▸ **INSTRUCTIONS FOR THE TASK**: Set the listing down again in full, word for word, with the pictures left out.

▸ **SUPPLIED DATA**:
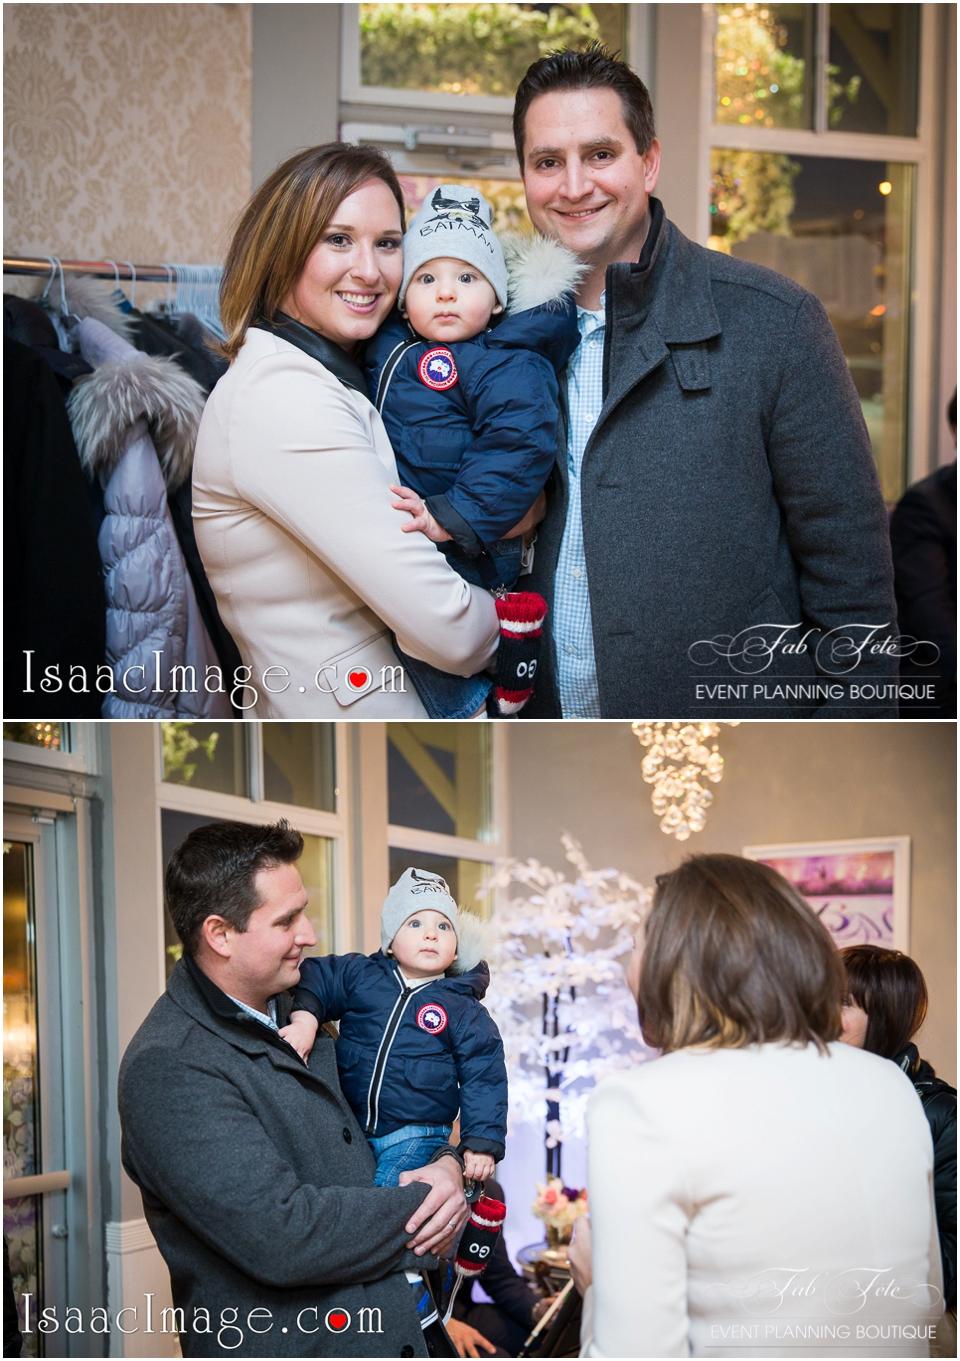 Fab Fete Toronto Wedding Event Planning Boutique open house_6469.jpg
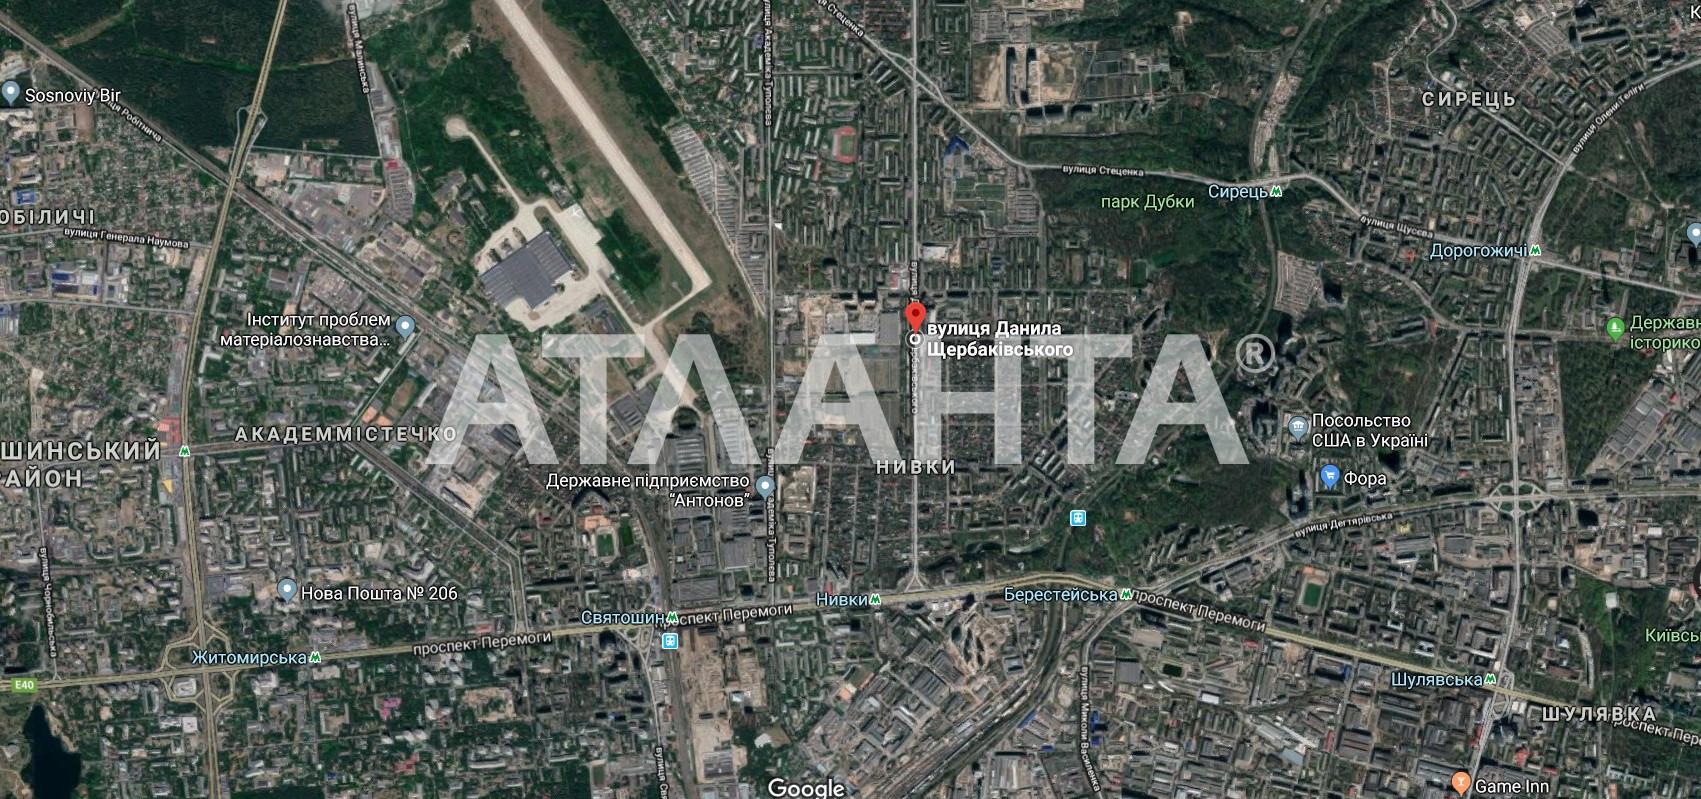 Продается 2-комнатная Квартира на ул. Ул. Щербаковского — 39 000 у.е. (фото №6)
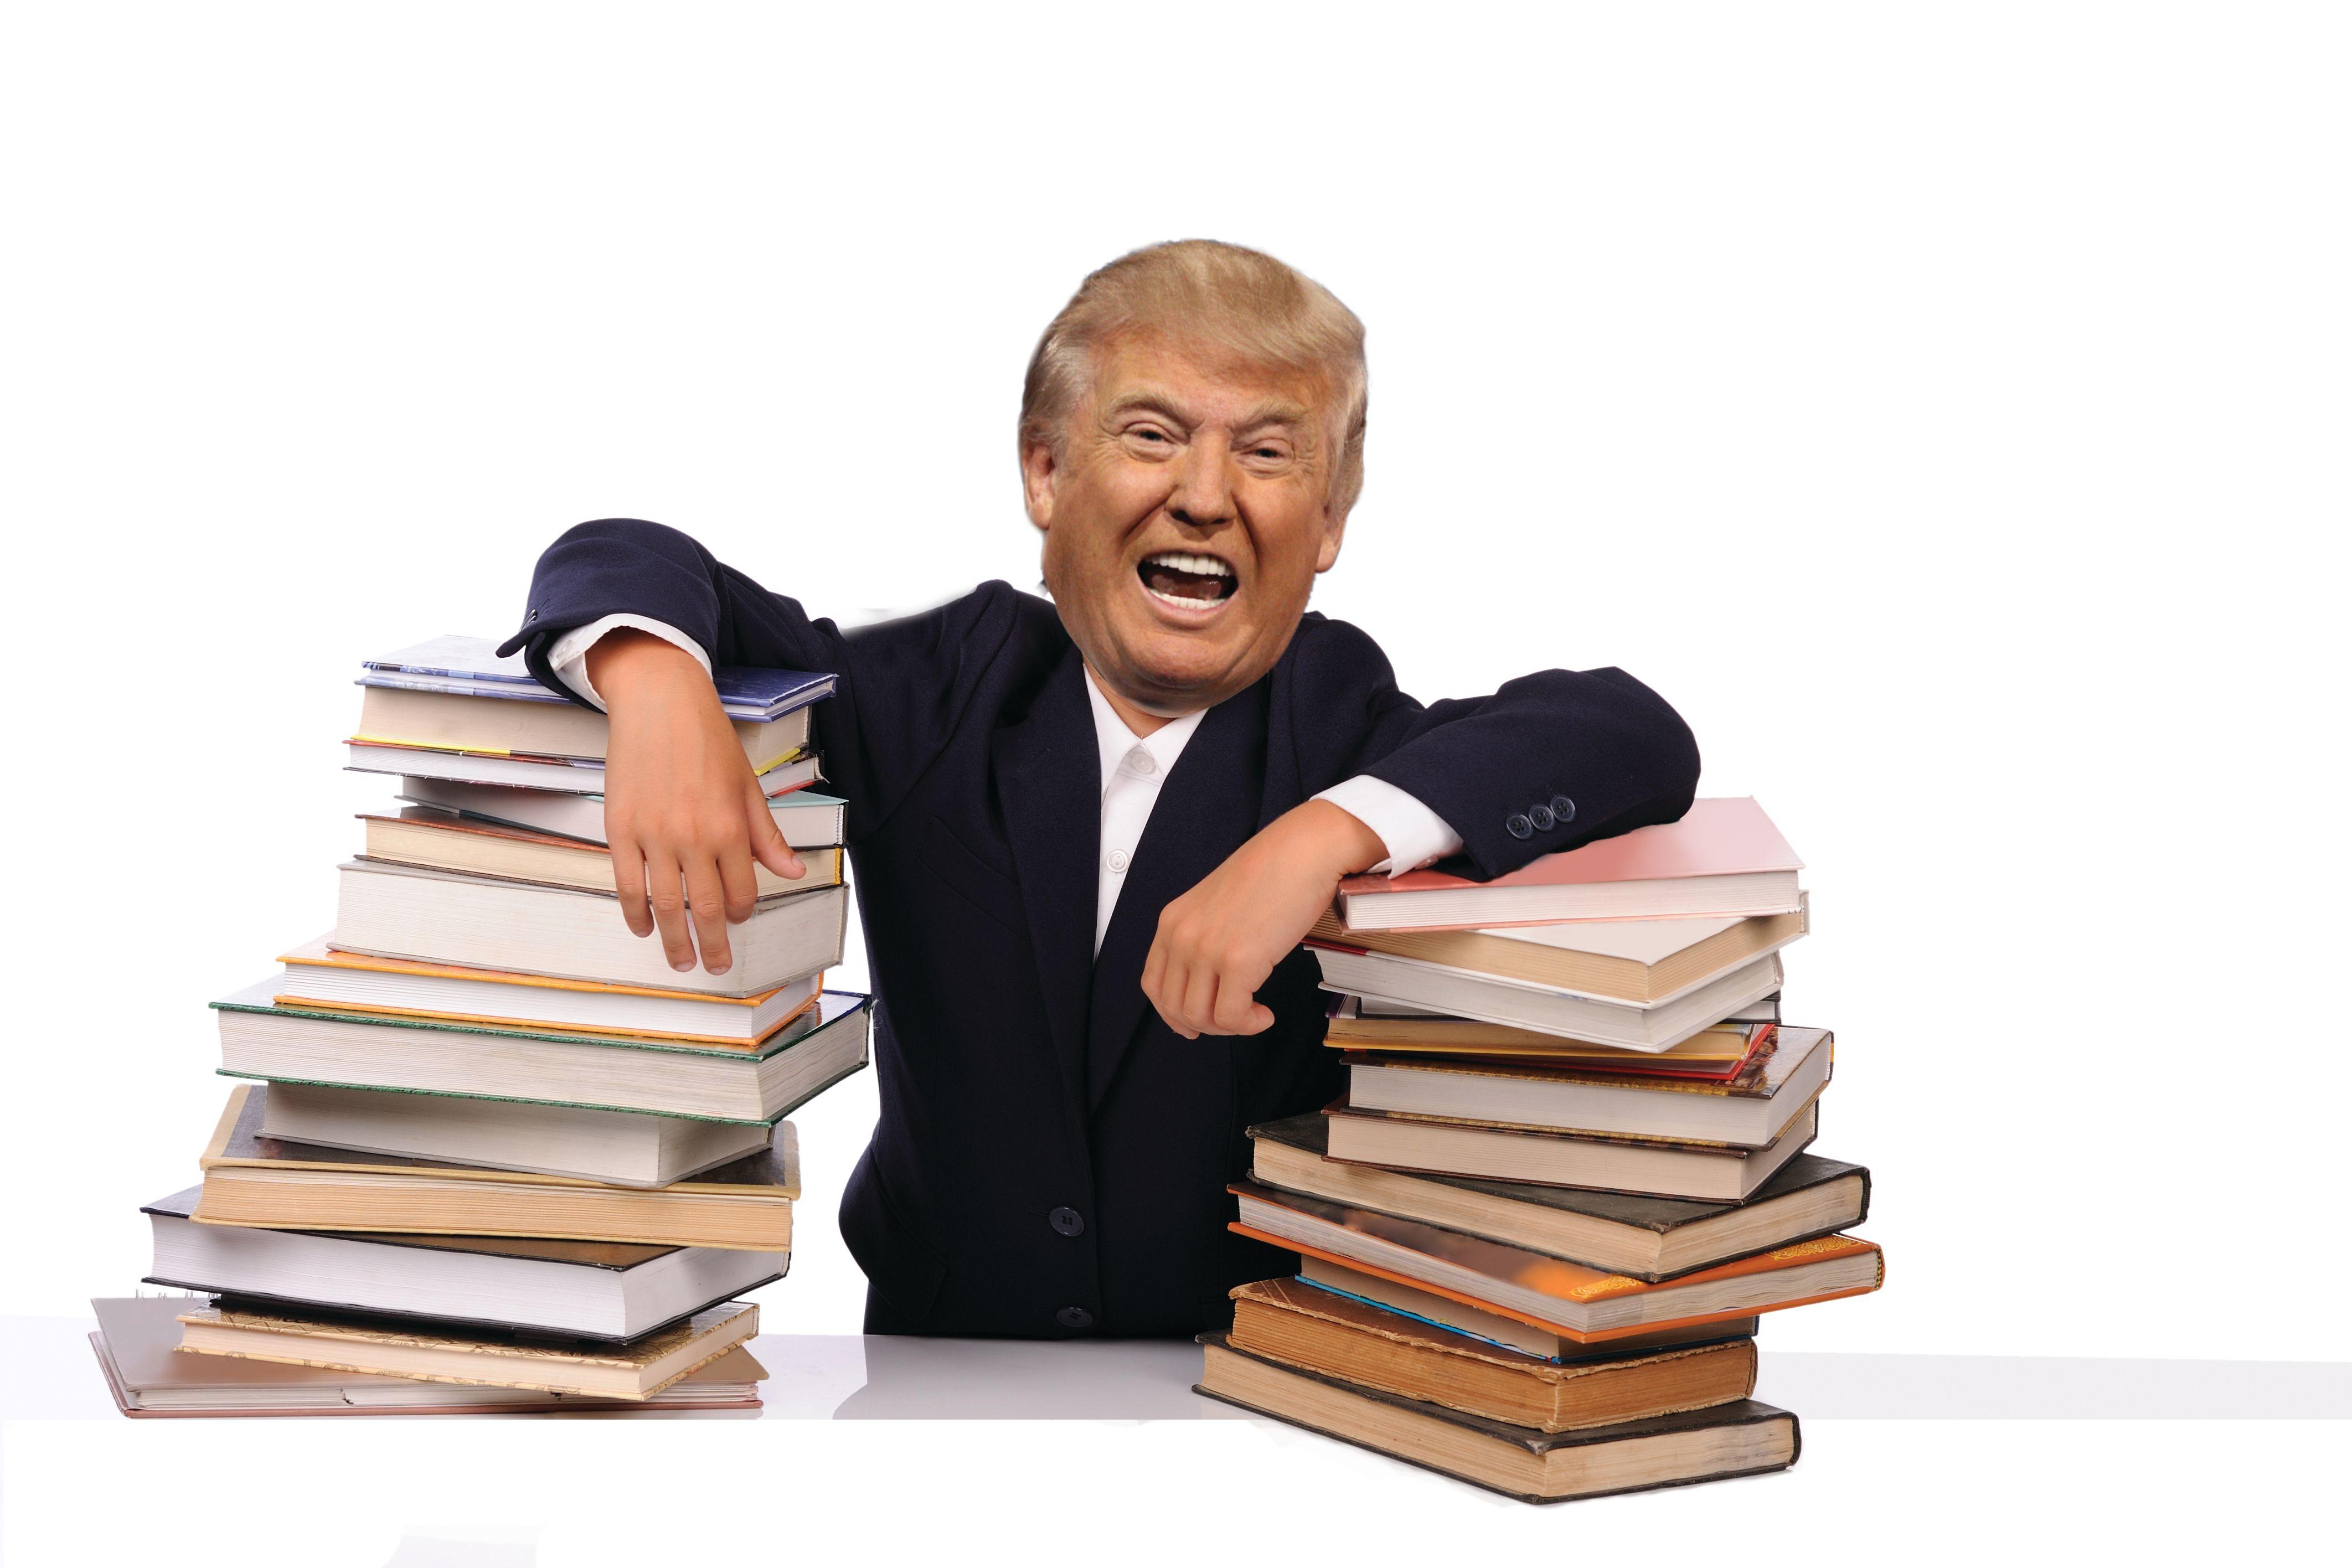 Trump stack ydfmpa

▸ **SOLUTION**:
 Fab Fete Toronto Wedding Event Planning Boutique open house_6469.jpg
 Продается 2-комнатная Квартира на ул. Ул. Щербаковского — 39 000 у.е. (фото №6)
 Trump stack ydfmpa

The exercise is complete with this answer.